What I'm saying is please don't implement this as

   nfs3_xdr_dec_getuuidres and nfs4_xdr_dec_getuuidres

GETUUID is not an NFS procedure, as you say. Just
use:

   localio1_xdr_dec_getuuidres

Program name and version, XDR decoder, result data
type name. This is consistent with every other
modern (ie, recently-written) XDR function.


>> I have a long-term goal to ensure we can generate the source
>> code of the XDR layer of all the kernel RPC protocols via an
>> rpcgen like tool. A code generator can ensure that the
>> marshalling and unmarshalling code is memory-safe.
> 
> The code doesn't show itself to be developed with such code generation
> at all.  If anything it all feels very open-coded.

That's correct, it was open-coded in the 90's because
back then that was the way to build code that was
fast.

These days, compilers and CPUs optimize the shit out
of the code and instruction sequence so it matters
much less what we do in our source files. Since this
is a community-maintained effort, it makes sense to
spend our effort to use the source code as
documentation for the humans who have to read it
and update it, anywhere the utmost speed is not a
requirement.

In particular, right now there's no easy way to audit
our XDR implementation and prove/verify that we have
implemented exactly what the spec says. And, the open
coded nature of this implementation means it is
subject to memory bugs, which is bad for a widely
deployed network protocol.

In user space, RPC developers almost always start with
a .x file and use rpcgen to generate C (or Python)
code to handle marshaling of arguments and results.
That way, the XDR implementation starts with C code
that comes directly from the specification, untouched
by human hands.

We really need to take that approach in the kernel
too. The only reason not to do that is because there
is decades of technical debt baked into the current
open coded implementation. But I've spent a lot of
effort to move the server over to consistent and
properly layered XDR functions so that converting
it to use machine-generated XDR will be a burp
rather than a heart attack. Lots of work yet to do.


>> By piggybacking, you are building LOCALIO into another
>> protocol's XDR implementation, which makes it a special case,
>> and thus harder to implement via code that is generated
>> automatically from unmodified XDR language specs.
> 
> GETUUID really couldn't be simpler.  I'll do whatever you think best,
> but I just want to be clear: when told to implement a side-band
> protocol to coordinate I distilled it down to "I need a unique UUID
> from the server" (hence GETUUID).
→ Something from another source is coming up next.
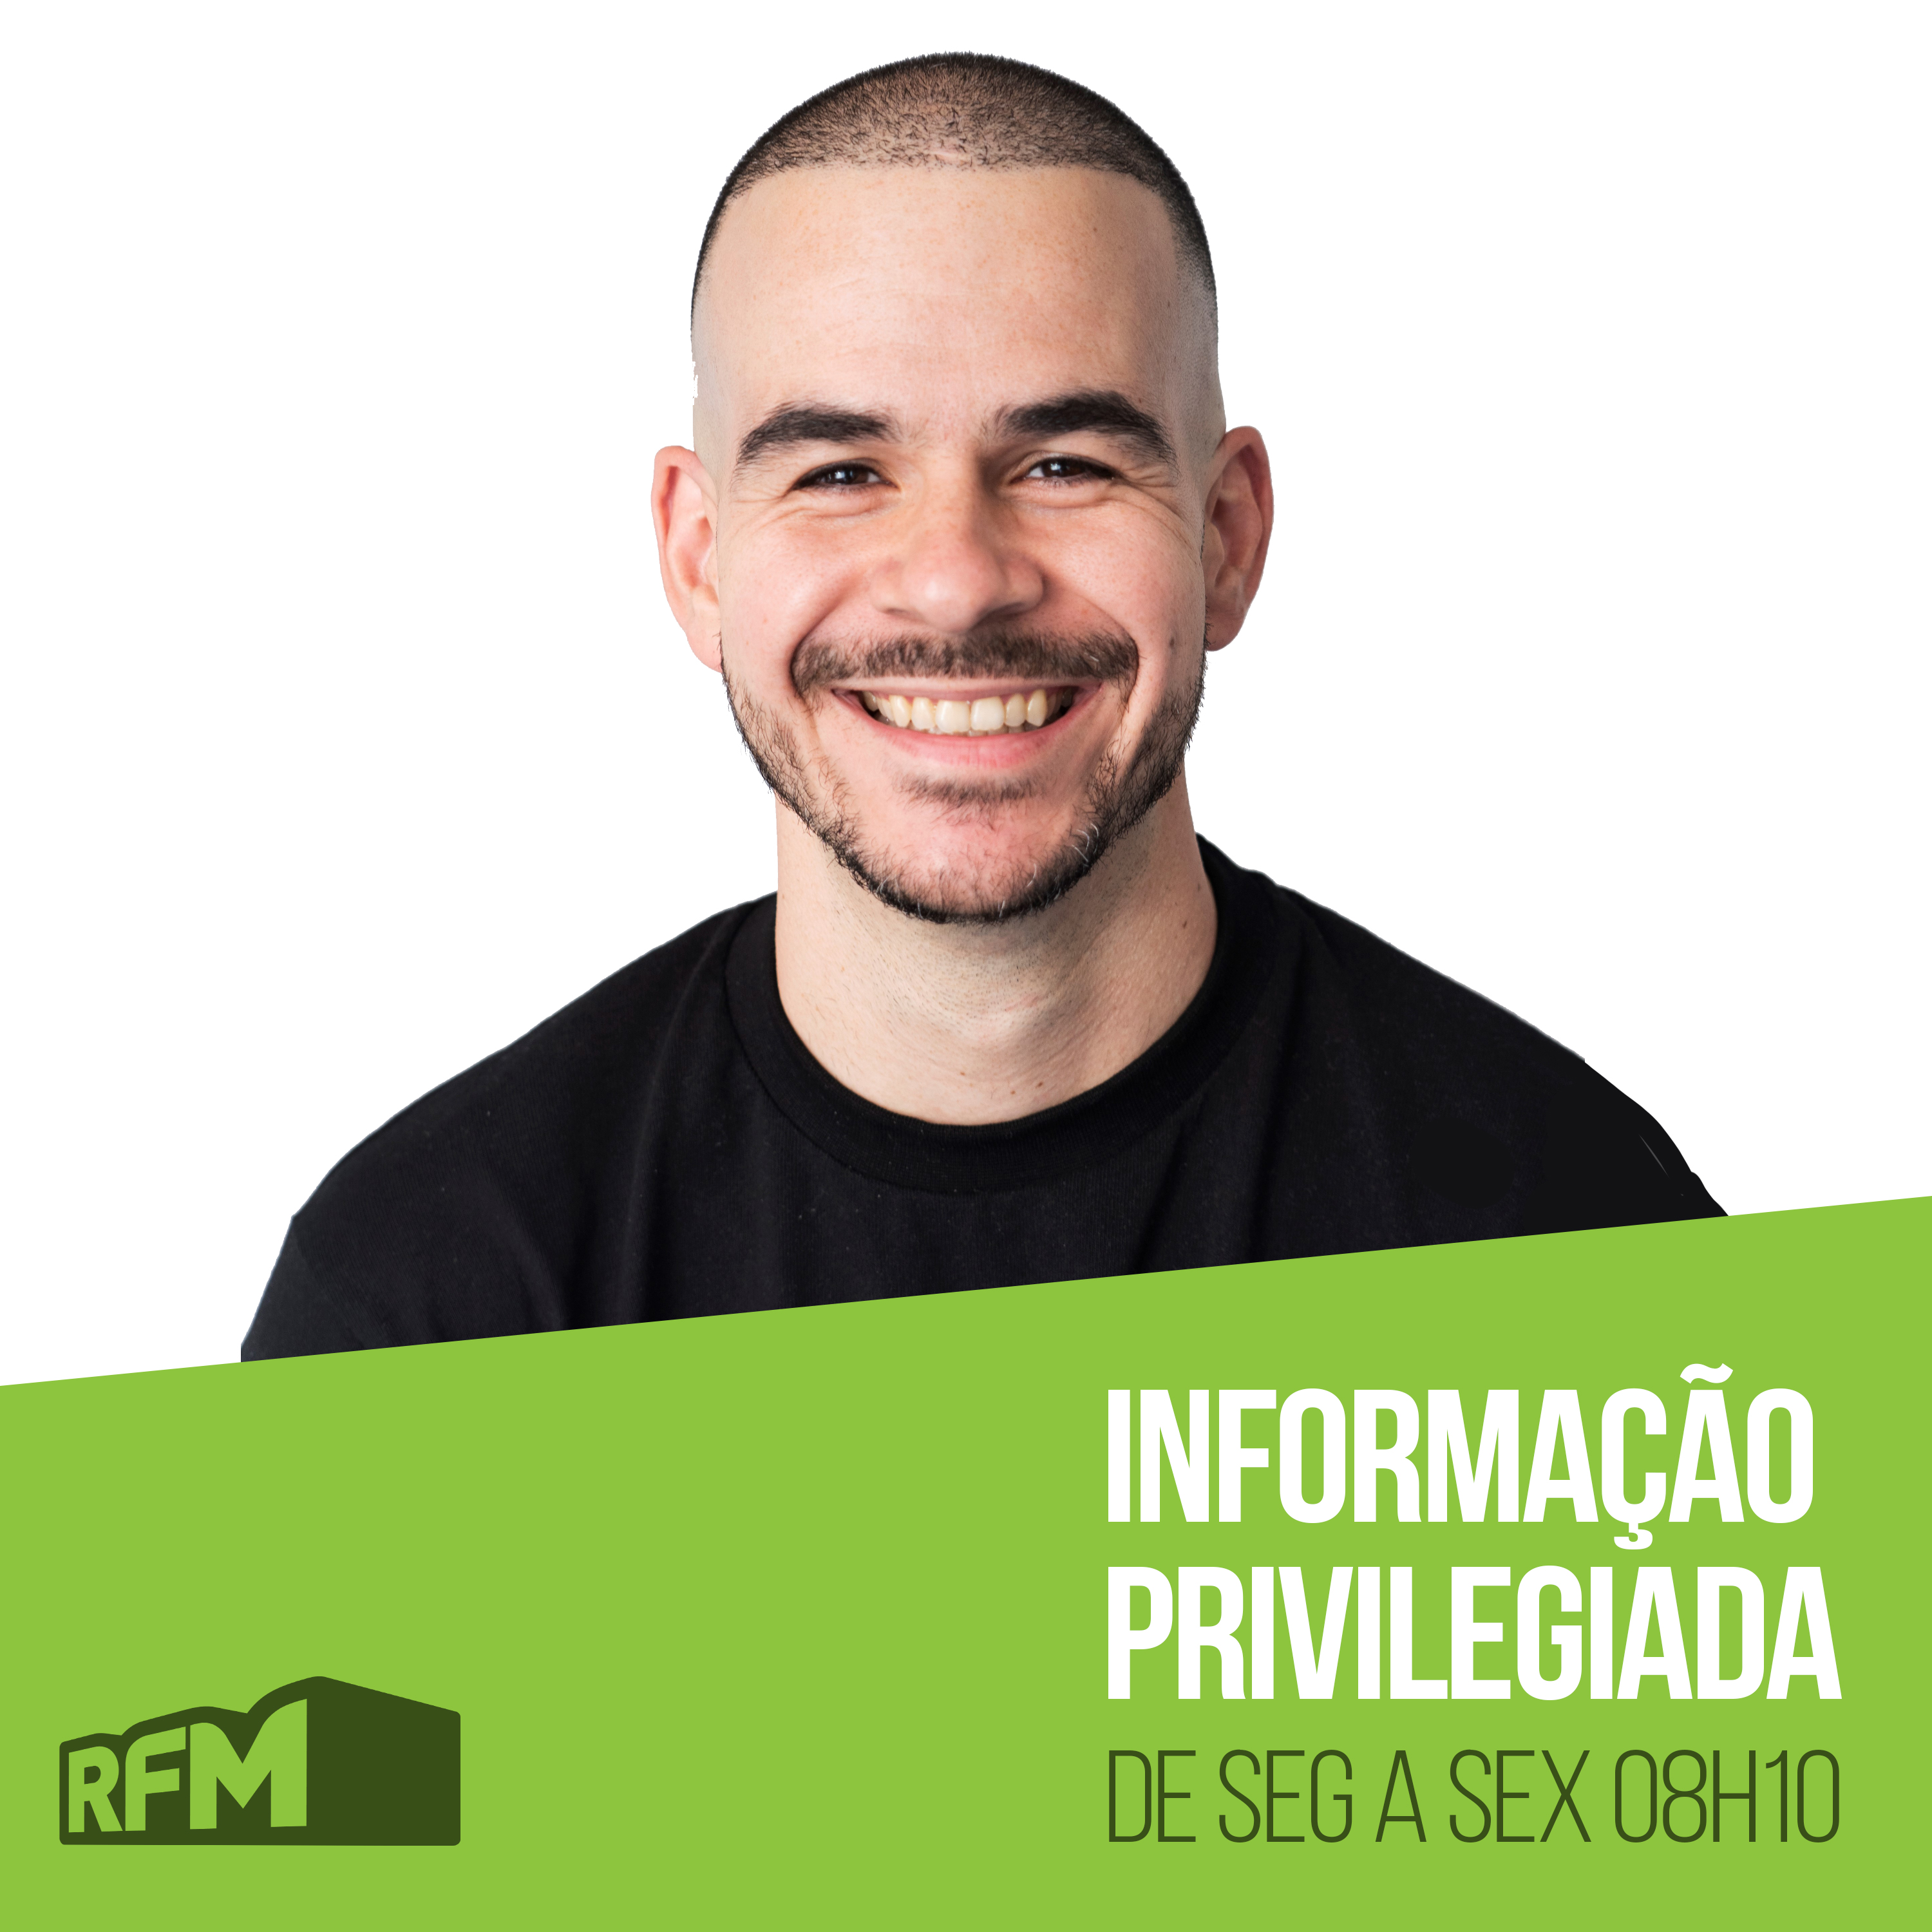 RFM - Informação Privilegiada: SALVADOR O FORRETA

When implementing it I set out to
> work with what I saw in the existing code -- not reinvent boilerplate
> code.  NFS ACL did that.  If I went further by (ab)using NFS xdr
> helpers it was because I didn't want to write that code. If asked to
> decouple, I'm just going to factor out cleaner code that LOCALIO and
> NFS share to do what I already have it doing.

That "clean shared code" is the RPC XDR layer. There's
really no need to share any NFS-specific code between
NFS and LOCALIO. Please have a look at
include/linux/sunrpc/xdr.h for utility functions to
use for XDR; I suspect you will find everything you
need.

And I recommend having a look at

  https://www.rfc-editor.org/rfc/rfc4506

for more detail about what XDR is and why we use it.


>> Maybe the client side maintainers don't care about that, but
>> please don't piggyback LOCALIO onto the NFSD's NFS XDR
>> implementation.
>> 
>> Then, if it's a separate implementation, you can remove the status
>> code. I was wondering why the server would reply with an error. If
>> LOCALIO/GETUUID is not supported, then an RPC level error occurs
>> anyway.
> 
> In my extensive discovery by trial and error I found that the NFS
> status codes and infrastructure necessary. Otherwise basic/advanced
> connectivity issues with sunrpc et al aren't accounted for properly.

That is quite the opposite of my experience in
this code base. Can you share an example of the
connectivity issues you encountered?


> NFS is pretty tightly coupled to sunrpc, and vice-versa.  Not
> following why things have all of a sudden gotten "heightened", guess I
> chose the wrong word ("piggybacking") when being very clear about what
> the LOCALIO protocol does: piggyback on NFS XDR methods. I'm really
> caught out for that being viewed as so bad (but my FIXME in
> nfs4_xdr_dec_getuuidres really does need fixing).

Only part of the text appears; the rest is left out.